5 sene sonra... Artık Ankara bizlere daha bir güzel. Bir tarihe tanıklık etmenin mutluluğu var üzerimizde. Bu anlatılacak birşey değil asla. Samsun'da yaşadığımız bir şampiyonluk vardı 2005'de. Bugünleri görmemizi sağlayan ilk adımdı o maç... 10 senedir bu takım hiç gerilemedi. Belki yavaş yavaş oldu ama 10 sene önce 3. Lig'de oynayan takımımız artık Süper Lig'de. 1 hafta geçti aradan. Hala rüyada gibiyiz. Ölmeden Süper Lig'i de görecek bu gözler. Avrupa'yı istiyoruz Avrupa'yı :)
Öykümüze başlayalım o zaman. Ordu'da oynadığımız Rize maçından sonra başlamıştı final heyecanımız. Rize'de ki rövanştan sonrada heyecanımız yerini tedirginliğe bırakmıştı. Kuracak cümleler bulamıyoruz, kahrolmayasıca pazar günüde gelmek bilmiyordu. Hiç yaşamadığımız duyguları yaşıyorduk. Nasıl davranılması gerektiğinide pek bilmiyorduk. Maçın konusu ne zaman açılsa içimizde heyecandan kaynaklanan bir ürperti. Sahi ne olacaktı maç? "Çıkabilecek miydik süperlerin ligine? Çıkarsak nasıl olur? Çıkamazsak nasıl olur? Son dakiakalarda golü bulursak güzel olur. Ama son 5-10 dakika 1-0, 2-1 gibi olmasın, dayanamayız. Hem Gaziantep'in Süper Lig'de takımı var. Biz daha çok inanmıyor muyuz ki? Biz haketmiyor muyuz?"

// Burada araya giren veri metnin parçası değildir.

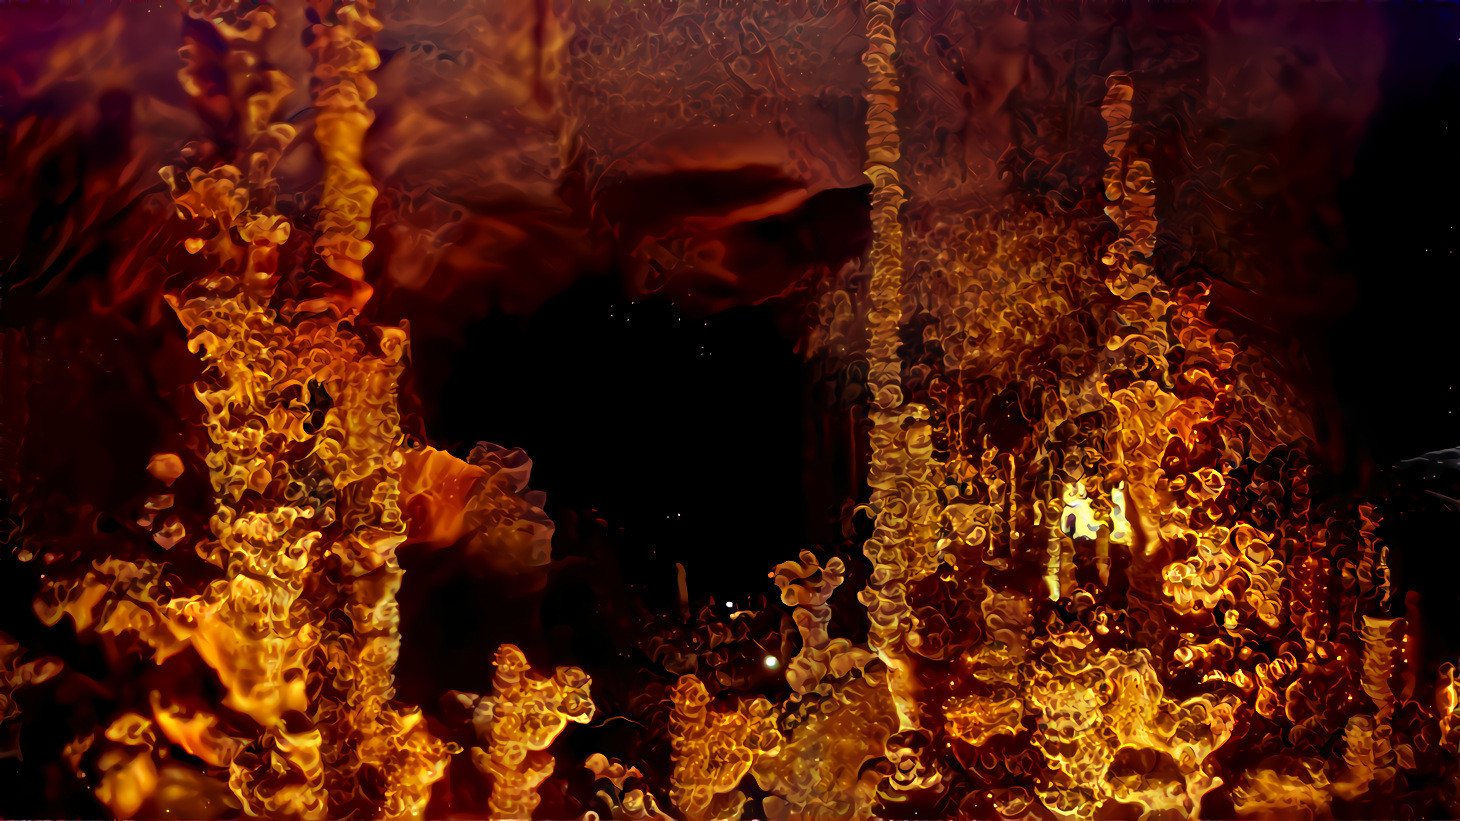 stalagmites on fire

Bu sorular kafamızda, evet burası Ankara. Her köşe başında var bir Ordulu. Küçük Ordu'yu kurmuşuz 29 Mayıs günü Ankara sokaklarında. Her görülen Ordulu'ya verilen selamlar. Pek alışkın değiliz başka memleketlerde bu kadar fazla toprak kokusuna.

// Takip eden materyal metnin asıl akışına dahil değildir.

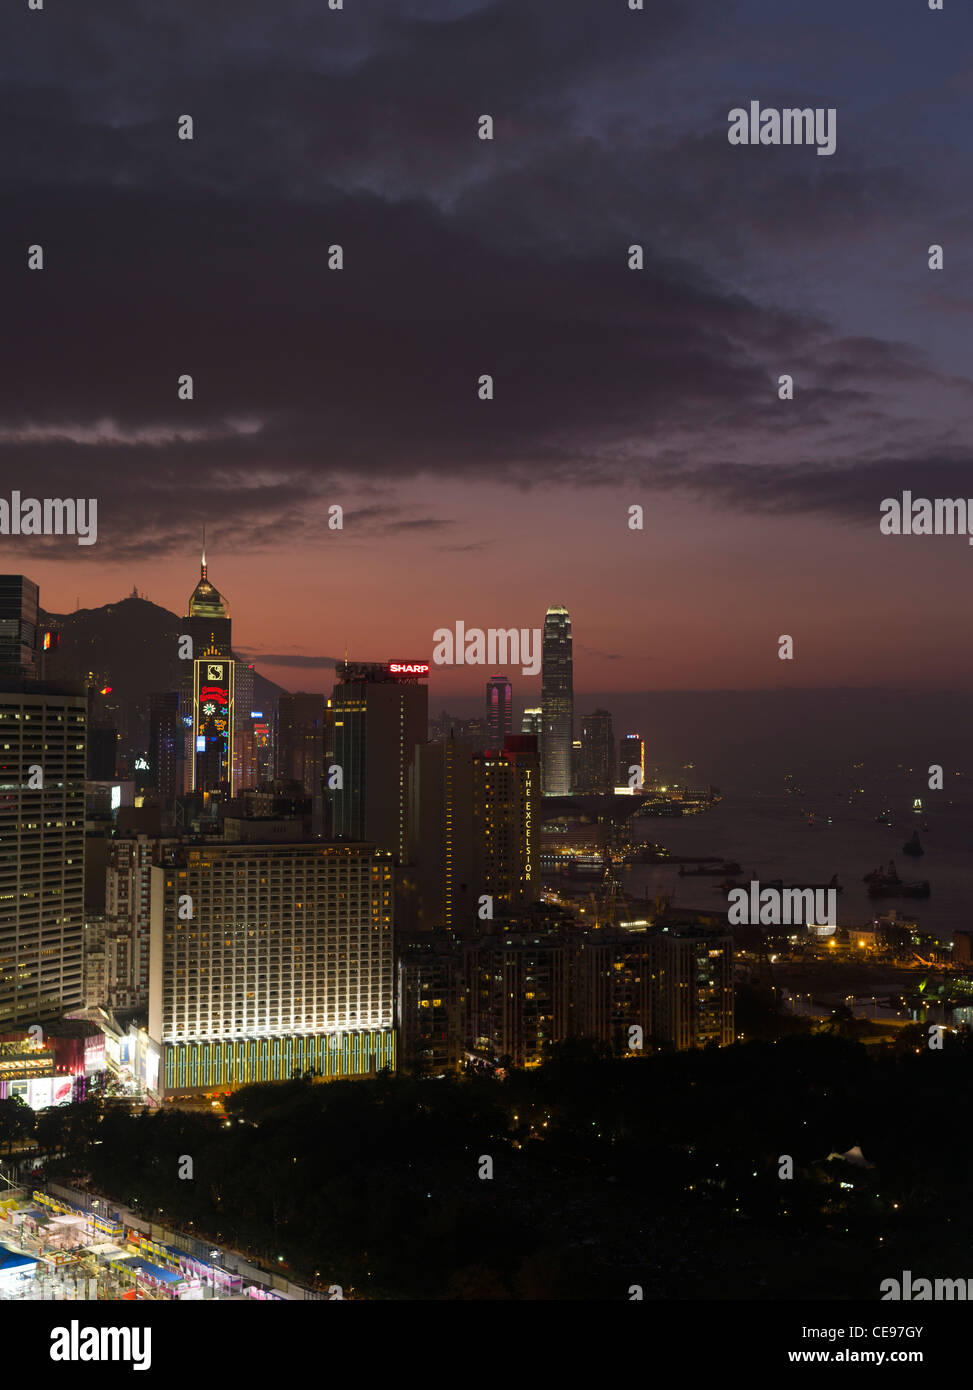 Hafengebäuden dh CAUSEWAY BAY Sunset in Hong Kong Skyline Dämmerung Nacht China Stadtbild Stockfoto

Bazen yağmur yağan bazen güneş açan garip bir Ankara havası. Türkiye'nin geneli aynı durumda gerçi. Bazen formamızla kalıyoruz yağmur geliyor hava soğuyor, bazen güneş açıyor yanıyoruz uzun kolluyu çıkarıp formayla kalıyoruz. Böyle böyle derken gün bitti. Daha hava kararmadı ama Ankara'da. Biz inanmıştık 17 bin 18 bin kişi gelmiştik oraya. Asmıştıkta tellere "İNANIN" pankartını. O pankart yapıldığından beri hiç kaybetmedik biz... Tribünlere hakim olan mor renk, çırpınıyor Karadeniz... Tribünlerdeki o mor renk getirmişti denizi olmayan şehre denizide. Hırçındı, yetmiyordu artık kendine. Maç saatide gelmek bilmiyordu. Her dakika 1 saat gibi geliyor, saatler 8'i vurmuyordu. Maç öncesi verilen desteği maç sırasında pek verebildiğimiz söylenemez. Keşke biraz maç içinede saklayabilseydik kenidimizi. Derken maç başladı oynandı ve bitti. Aradan 1 hafta geçtikten sonra maçı anlatacak değilim tabiki buralarda. Ama orada olmak ve o atmosferi yaşamak büyük bir şanstı bizler için. Ama Ordu'daki kutlamalarda olamamak ise büyük bir kayıp oldu bizlere. 6 yıl önce Samsun'da ki finalde de başımız öne eğilmemişti. 1 hafta önceki finalde de başımız öne eğilmedi. Sevindik, kutladık doya doya yaşadık ve yaşamaya devam ediyoruz Süper Lig coşkusunu. Artık TRT'de değil HD kalitesinde Lig Tv'den izleyeceğiz bizler maçlarımızı :)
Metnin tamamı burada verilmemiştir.